Categories
algorithm big-o complexity-theory optimization performance

Big O, how do you calculate/approximate it?

955

Most people with a degree in CS will certainly know what Big O stands for.
It helps us to measure how well an algorithm scales.

But I’m curious, how do you calculate or approximate the complexity of your algorithms?

10

  • 5

    Maybe you don’t actually need to improve your algorithm’s complexity, but you should at least be able to compute it to decide…

    Sep 23, 2008 at 20:58

  • 5

    I found this a very clear explanation of Big O, Big Omega, and Big Theta: xoax.net/comp/sci/algorithms/Lesson6.php

    Dec 3, 2010 at 12:21

  • 36

    -1: Sigh, another abuse of BigOh.
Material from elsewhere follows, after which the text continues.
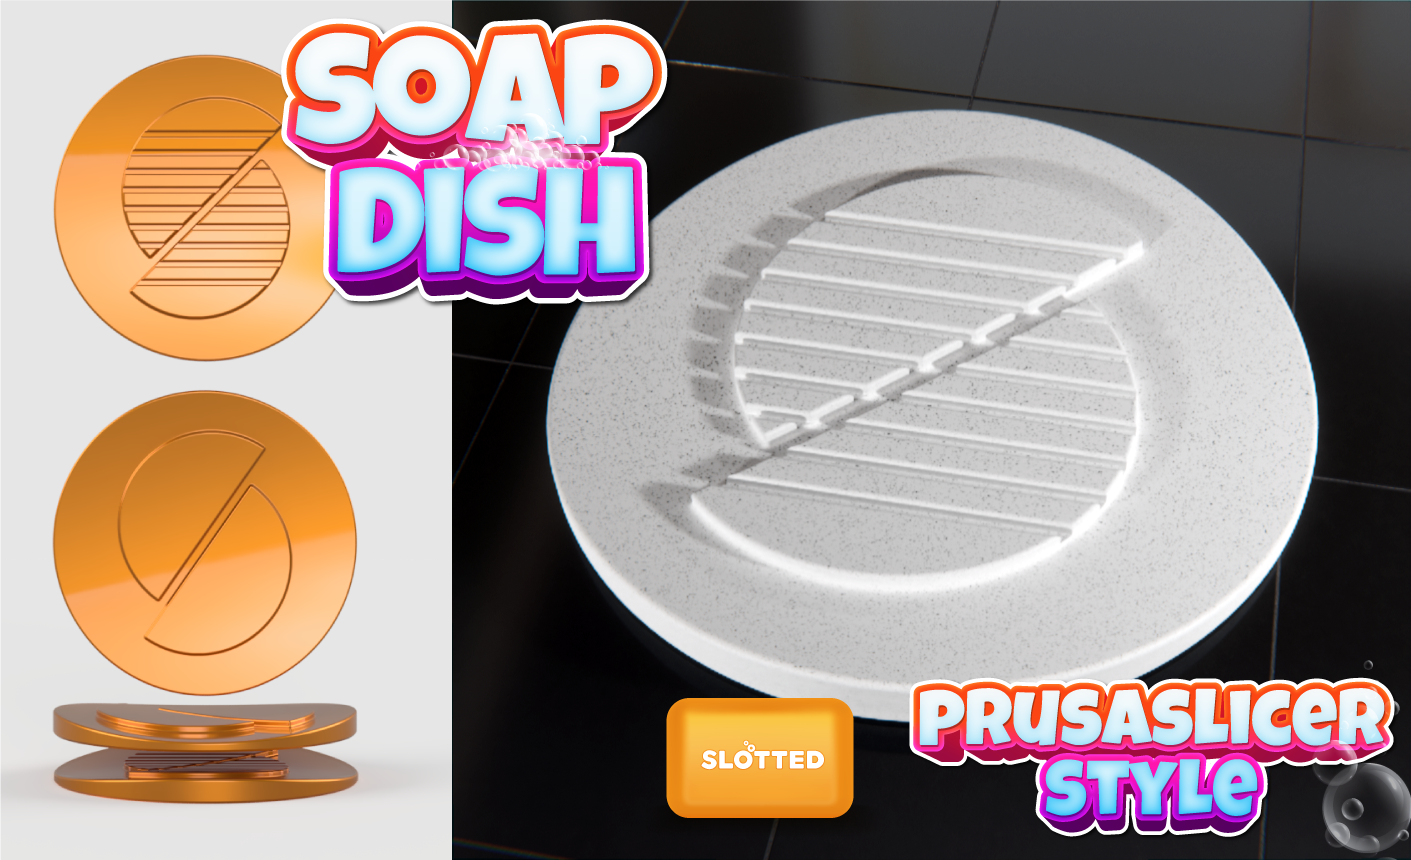 PrusaSlicer style soap dish

BigOh is just an asymptotic upper bound and could be used for anything and is not just CS related. Talking about BigOh as if there is one unique is meaningless (A linear time algorithm is also O(n^2), O(n^3) etc). Saying it helps us measure efficiency is misleading too. Also, what is with the link to the complexity classes? If all you are interested in, is techniques to compute the running times of algorithms, how is that relevant?

    – Aryabhatta

    May 23, 2011 at 17:35


  • 42

    Big-O does not measure efficiency; it measures how well an algorithm scales with size (it could apply to other things than size too but that’s what we likely are interested here) – and that only asymptotically, so if you are out of luck an algorithm with a “smaller” big-O may be slower (if the Big-O applies to cycles) than a different one until you reach extremely large numbers.

    Sep 5, 2011 at 17:05


  • 7

    Choosing an algorithm on the basis of its Big-O complexity is usually an essential part of program design. It is most definitely not a case of ‘premature optimization’, which in any case is a much-abused selective quotation.

    Jan 31, 2016 at 23:52

1533

I’ll do my best to explain it here on simple terms, but be warned that this topic takes my students a couple of months to finally grasp. You can find more information on the Chapter 2 of the Data Structures and Algorithms in Java book.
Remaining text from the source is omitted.